Given the impact it’s already having on our daily lives, it’s worth possessing a working knowledge of how generative AI actually works. Rakesh Malik provides that and more.
No technology in human history has grown at the pace that AI is growing right now. It's gone from a nifty technology demo at nVidia's Game Technology Conference to the hottest and biggest technology on the planet in just a few years. It's gotten so big that nVidia is practically inviting AMD and Intel to take up its market in consumer gaming GPUs, yet its revenues are soaring.
Every major technology company on the planet is trying to get on board with the AI train, which is getting both bigger and faster at a pace that would have given Gordon Moore whiplash.
In spite of the dazzling progress and the enormous volume of press, it's still a very mysterious thing to pretty much anyone not in the field. So, how does it work? Let's start with neural networks.
The neural network
Basic concept; complex results. Pic: Shutterstock
The basic concept of a neural network is pretty simple. It's a virtual network of simulated neurons called nodes, with one layer as the input and one layer as the output. In between are what are referred to as “hidden” layers. Each node in the input layer corresponds to one input parameter. There is no set number of nodes in any given layer, or to the number of hidden layers. The connections between network nodes are called “edges,” each of which has a weight.

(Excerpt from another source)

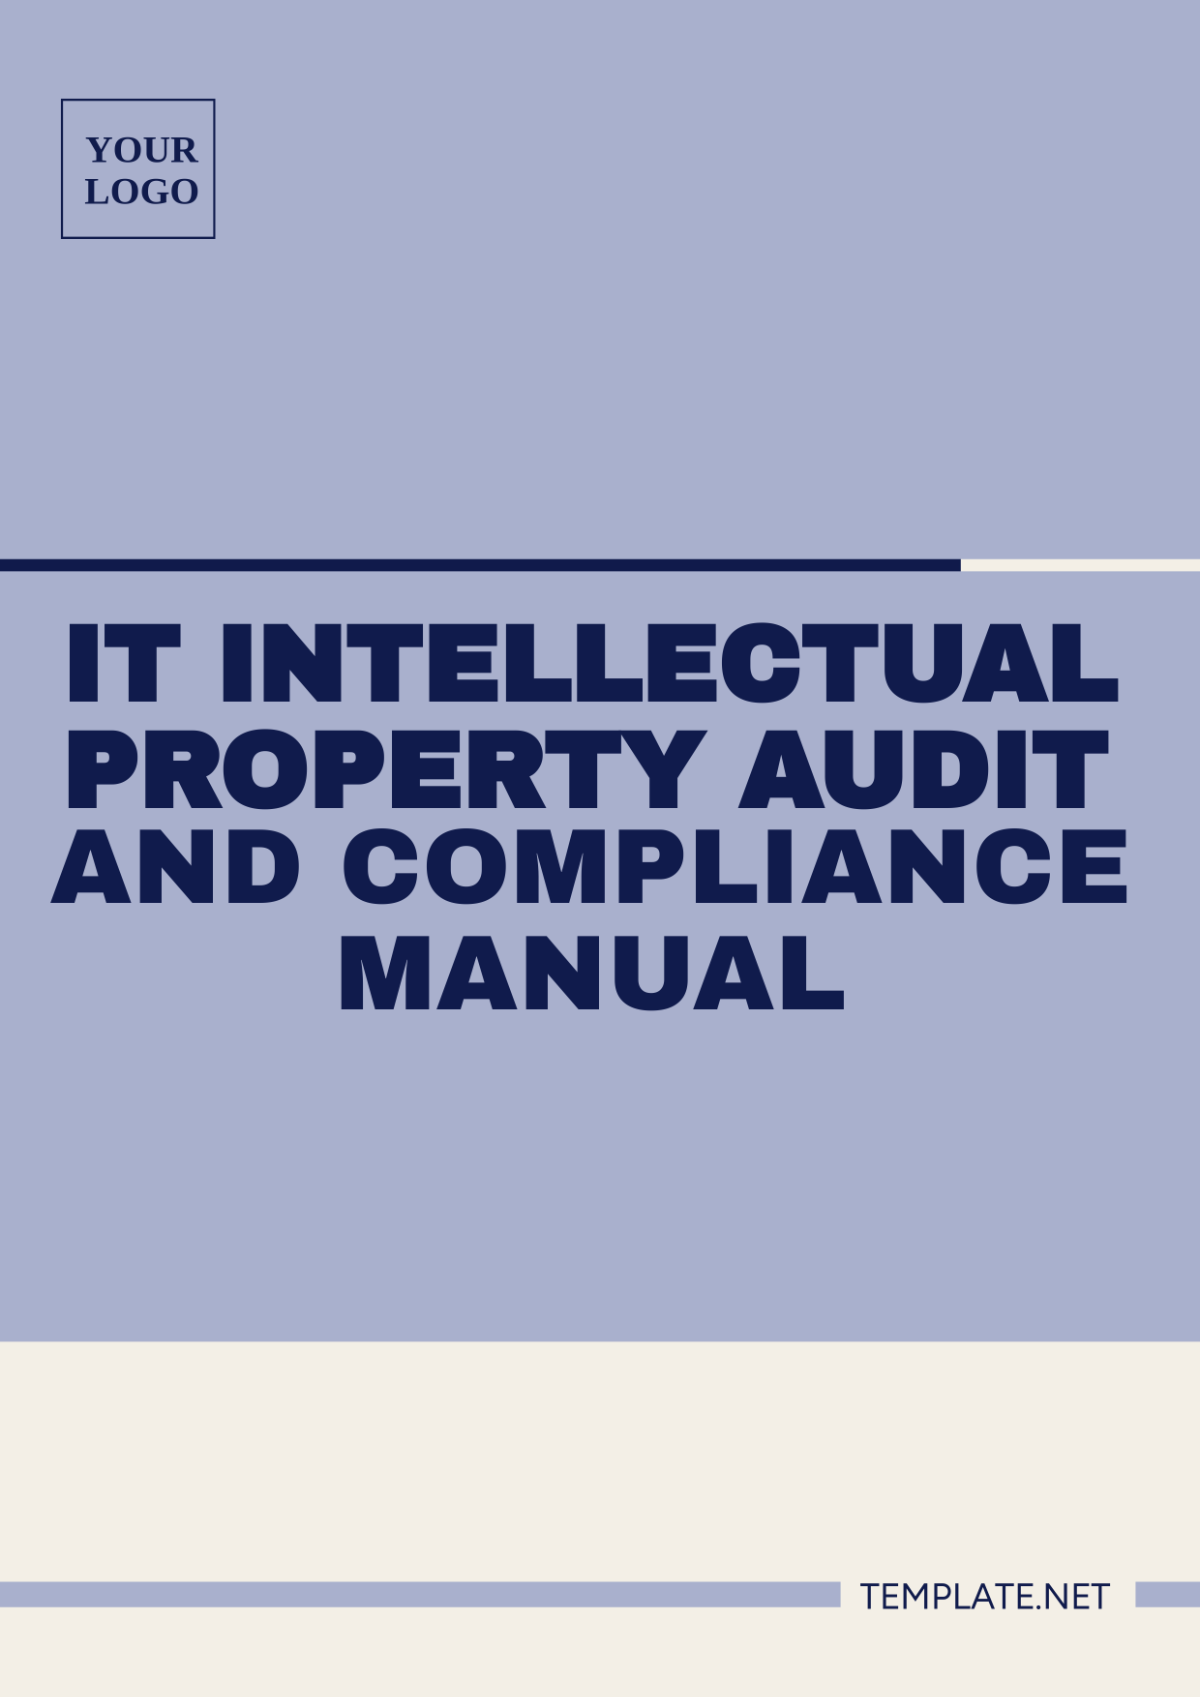 Free IT Intellectual Property Audit And Compliance Manual Template

Each node contains two functions. The first, called the non-linear function, collates the values the node receives on its input edges and outputs an activation value between zero and 1. The second function is the activation function, which determines whether or not the activation value is high enough to activate the node. If activated, the node will send its value to edge downstream node. The weights on the edges influence the value the next nodes receive, so an edge with a weight of zero is the same as no edge, while if the edge has a value of 1 it transmits the signal unchanged.
To activate a neural net, give it an input and read the output. Simple enough.
The neural network architecture, meaning how many layers of each type, how many connections there are between each layer, and the activation functions is designed around the task the network is going to be trained. The edge weights are preset usually with random values, and the dataset needs to be prepared around the task also. The training dataset includes input features and target values.
Give the neural network an input and propagate the signal to the output layer, also known as forward propagation. Calculate the correctness or lack thereof in the result and back-propagate the error through the network. Keep doing this for either a set number of iterations or until the network converges, which means that the edge weight changes are below a target threshold. Then use a validation dataset to test the network.
Putting that into practice
The results that can be achieved using Midjourney can be unsettlingly superb
The first step is to gather images with text descriptions into a dataset. Then train an AI such as a neural network on this data, so that it builds an association between the words describing the images and the content of the images, essentially “learning” what the images are. This part is very similar to teaching someone about apples by showing them several pictures of apples and describing those pictures until the person can recognize other pictures of apples, as well as the real thing.
The next step is the image synthesizer, trained with that dataset. One common method is a Generative Adversarial Network (GAN), which uses two neural networks working in competition, hence the term “adversarial.” One is called the “discriminator,” trained using real image data to differentiate real from fake images. The other is the generator, which takes random inputs and tries to generate images. As the training progresses, the generator gets better at tricking the discriminator, and the discriminator gets better at telling the difference between real and fake images.
Once trained, the generator can accept text and use it to synthesize images. After that techniques like Stable Diffusion can supplement the process to add resolution or remove noise.
These concepts can of course be translated to video as well. Take for example the AI object removal in DaVinci Resolve. The input is a video clip, and the output is a video clip plus a selection such as a telephone pole to remove. The AI needs to be trained to differentiate the pole from the environment. Then it needs to be trained to remove the pole from a video clip. For that to work convincingly, it also has to replace the space the pole occupied with image content synthesized from the surrounding image.
Refining the model
That of course isn't enough; it would make no sense to make a tool so specific that it can remove telephone poles, but not apples, branded coffee mugs, or wayward who sneaked past lockups from footage.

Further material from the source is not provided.